Maybe. Maximum and minimum data are neat, yes. But they’re also suspect. They’re extremes. They’re not quite reliable. If you went back to the same source of data, and collected it again, you’d get about the same median, and the same first and third quartile. You’d get different minimums and maximums, though. Often crazily different. Still, if you want to understand the data you did get, it’s hard to ignore that this is the data you have. So one choice for representing these is to just use the maximum and minimum points. Draw the whiskers out to the maximum and minimum, and then add a little cross bar or a circle at the end. This makes clear you meant the line to end there, rather than that your ink ran out. (Making a figure safe against misprinting is one of the understated essentials of good visualization.)
But again, the very highest and lowest data may be flukes. So we could look at other, more stable endpoints for the whiskers. The point of this is to show the range of what we believe most data points are. There are different ways to do this. There’s not one that’s always right. It’s important, when showing a box-and-whisker plot, to explain how far out the whiskers go.

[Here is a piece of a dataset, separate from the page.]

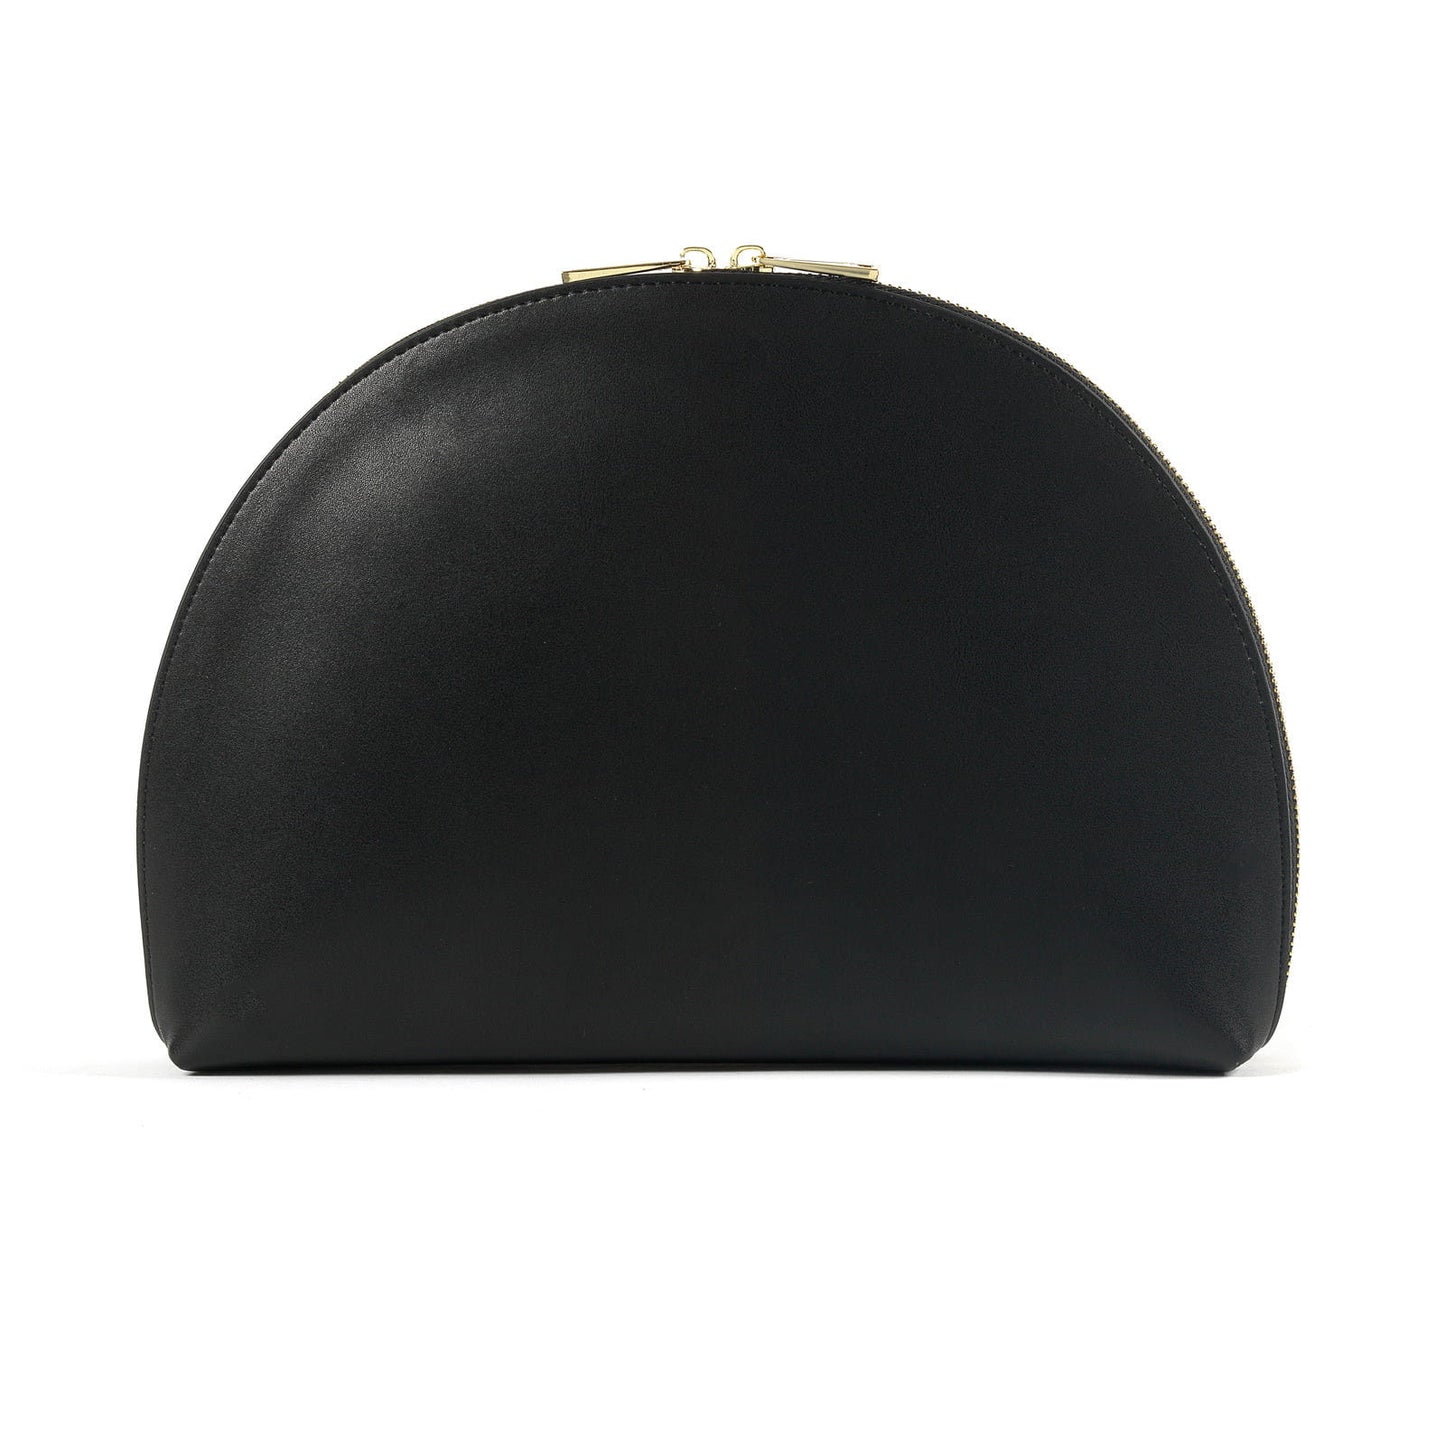 Blank Personalised Black Smooth Leather Half Moon Clutch

Tukey’s original idea, for example, was to extend the whiskers based on the interquartile range. This is the difference between the third quartile and the first quartile. Like, just subtraction. Find a number that’s one-and-a-half times the interquartile range above the third quartile. The upper whisker goes to the data point that’s closest to that boundary without going over. This might well be the maximum already. The other number is the one that’s the first quartile minus one-and-a-halt times the interquartile range. The lower whisker goes to the data point that’s closest to that boundary without falling underneath it. And this might be the minimum. It depends how the data’s distributed. The upper whisker and the lower whisker aren’t guaranteed to be the same lengths. If there are data outside these whisker ranges, mark them with dots or x’s or something else easy to spot. There’ll typically be only a few of these.
But you can use other rules too. Again as long as you are clear about what they represent. The whiskers might go out, for example, to particular percentiles. Or might reach out a certain number of standard deviations from the mean.
The point of doing this box-and-whisker plot is to show where half the data are. That’s inside the box. And where the rest of the non-fluke data is. That’s the whiskers. And the flukes, those are the odd little dots left outside the whiskers. And it doesn’t take any deep calculations. You need to sort the data in ascending order. You need to count how many data points there are, to find the median and the first and third quartiles. (You might have to do addition and division. If you have, for example, twelve distinct data points, then the median is the arithmetic mean of the sixth and seventh values. The first quartile is the arithmetic mean of the third and fourth values. The third quartile is the arithmetic mean of the ninth and tenth values.) You (might) need to subtract, to find the interquartile range. And multiply that by one and a half, and add or subtract that from the quartiles.
This shows you what are likely and what are improbable values. They give you a cruder picture than, say, the standard deviation and the coefficients of variance do. But they need no hard calculations. None of what you need for box-and-whisker plots is computationally intensive. Heck, none of what you need is hard. You knew everything you needed to find these numbers by fourth grade. And yet they tell you about the distribution. You can compare whether two sets of data are similar by eye. Telling whether sets of data are similar becomes telling whether two shapes look about the same. It’s brilliant to represent so much from such simple work.